Sinch had tried to scramble away, but Yilon, sensing a kindred spirit, had laughed and told him to relax. He’d taken Sinch down to dinner, amused that the mouse was so nervous (though he only learned the full reason later), and feeling happy that he was able to both help someone else and flaunt the rules of the palace. Sinch had relaxed by the end of the night, helped along by some of the palace’s mead, and had promised to come back later.
Yilon supposed that ache of homesickness was what had brought that particular memory to his mind. His groin tingled at the memory of the night they’d both finally admitted they found each other attractive—he, at least, had been feeling it from that first night. It had been a nice couple years, he thought, and it was nice that there were a lot of mice there. Sinch could find a place to live, a nice mouse to devote himself to, and the two of them could remain friends. He would have them over to the palace—old rules cast aside by then—and their cubs would grow up together. It was the best he could hope for.
He fidgeted against the wall, realizing he had not been listening carefully. More and more foxes were walking down the street out in front, and some were talking. The rattle of a carriage sounded in the distance. Yilon sighed and edged further along the wall, toward the back of the house, under a different window.
Another fox walked through the alley behind the houses, so Yilon adopted a casual pose as though he were waiting for someone. The fox glanced at him but didn’t stop.
It occurred to him that if Min had been following Maxon and had stayed to listen to the house, he was probably somewhere around the house, maybe around the other side. Nothing was happening inside the house here, anyway. He waited a little longer, to make sure nobody else was coming along the alley, and then moved around the back porch.
He strolled past, as slowly as he could while remaining nonchalant. Two stairs led up to a stone porch that was littered with old leaves and some dirt accumulated against the stone railing. In the center of the porch, cracked stone defined a doorway in which hung a heavy curtain. The breeze that barely moved the curtain, blowing toward the house, was no help in detecting any scents that might have lingered on the porch. On the other side of the house, he glanced at the back windows once, then turned the corner and walked toward the street.

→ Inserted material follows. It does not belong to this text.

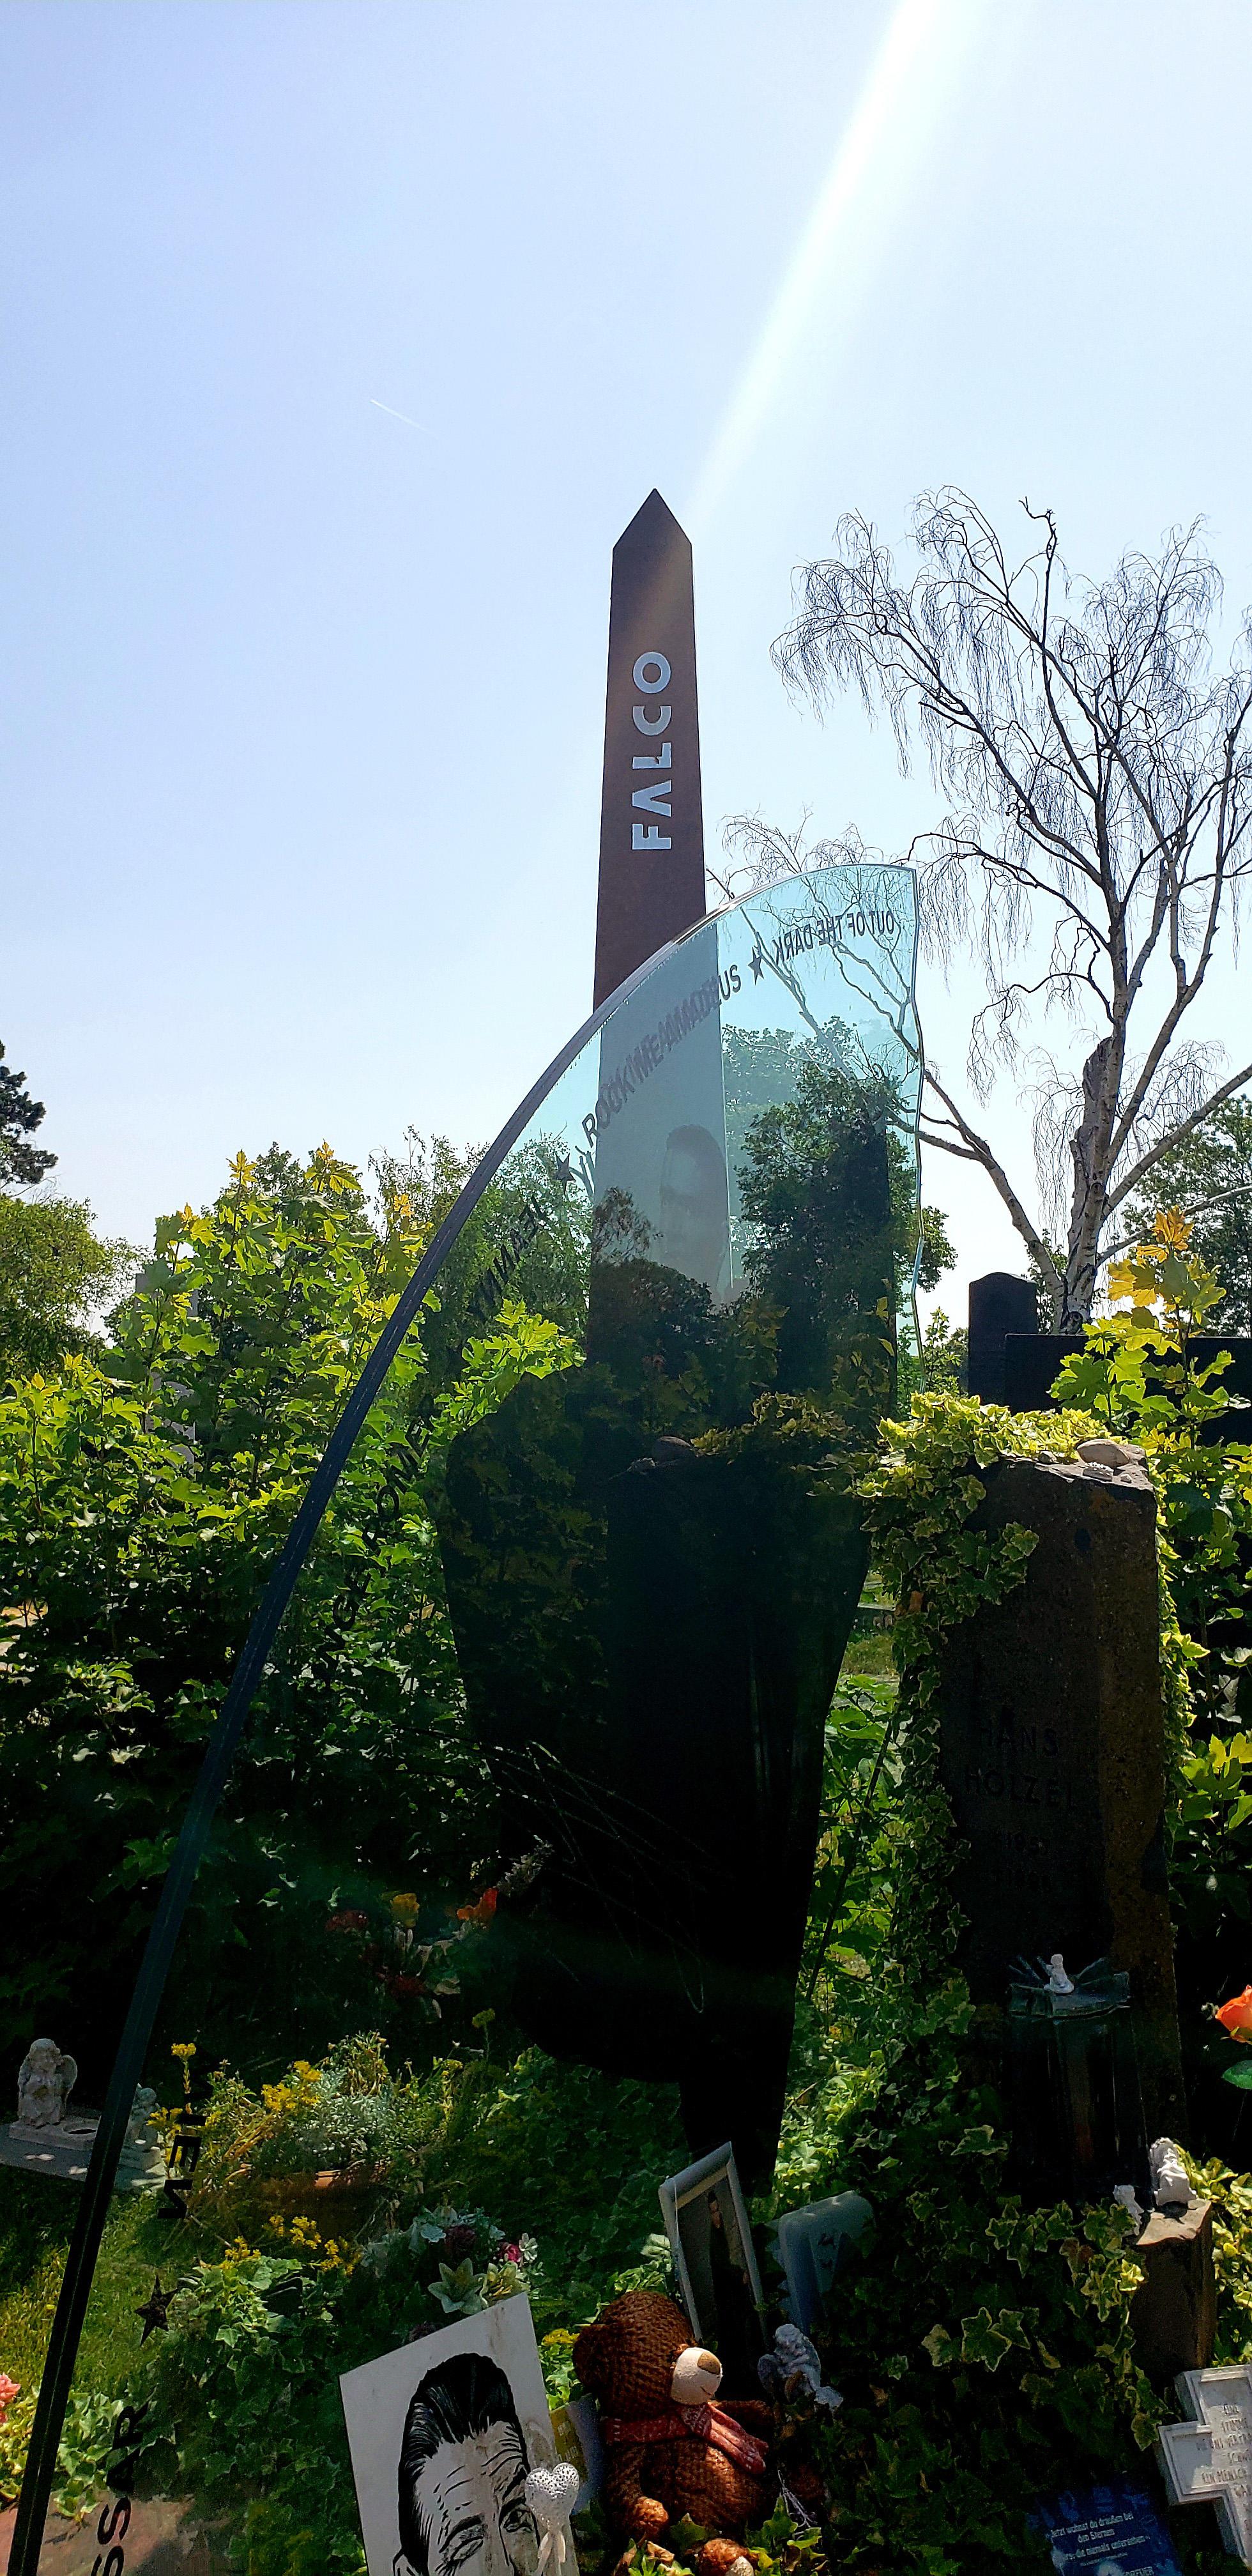 Falco's grave at Wiener Zentralfriedhof
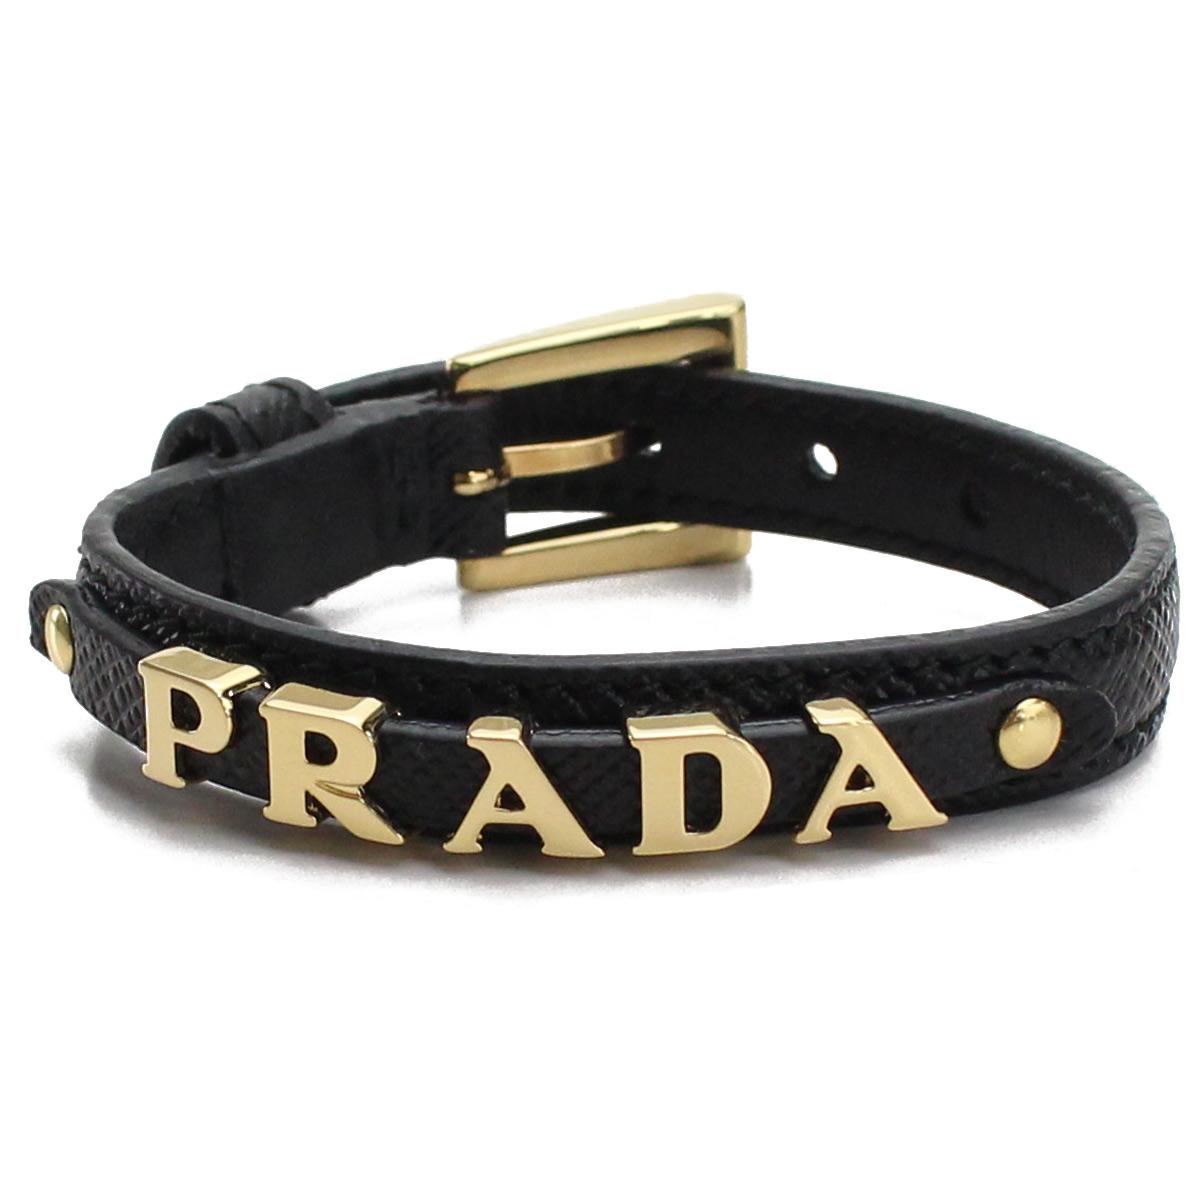 プラダ PRADA ロゴ入り サフィアーノ レザー ブレスレット 1IB217 053 F0002 NERO ブラック

As soon as he was out of sight of the porch, he crept back against the wall again and perked an ear.
He still heard no sounds, but now he could smell the breeze coming past the back porch. It took a few seconds to sort out the combination of scents that tickled his nostrils. One was more familiar than the rest. “Min,” he breathed.
He edged back along the wall, peering around the corner to the back. Still, nothing moved there, and no sound came from inside the—
The house’s silence was broken by a muffled cry. “Help!”
Yilon snapped his head around. It was Min’s voice, without a doubt. He padded back to the window in time to hear a thump, and then another cry. This one was followed by silence and then, after a span of four or five breathless heartbeats, a high-pitched giggle.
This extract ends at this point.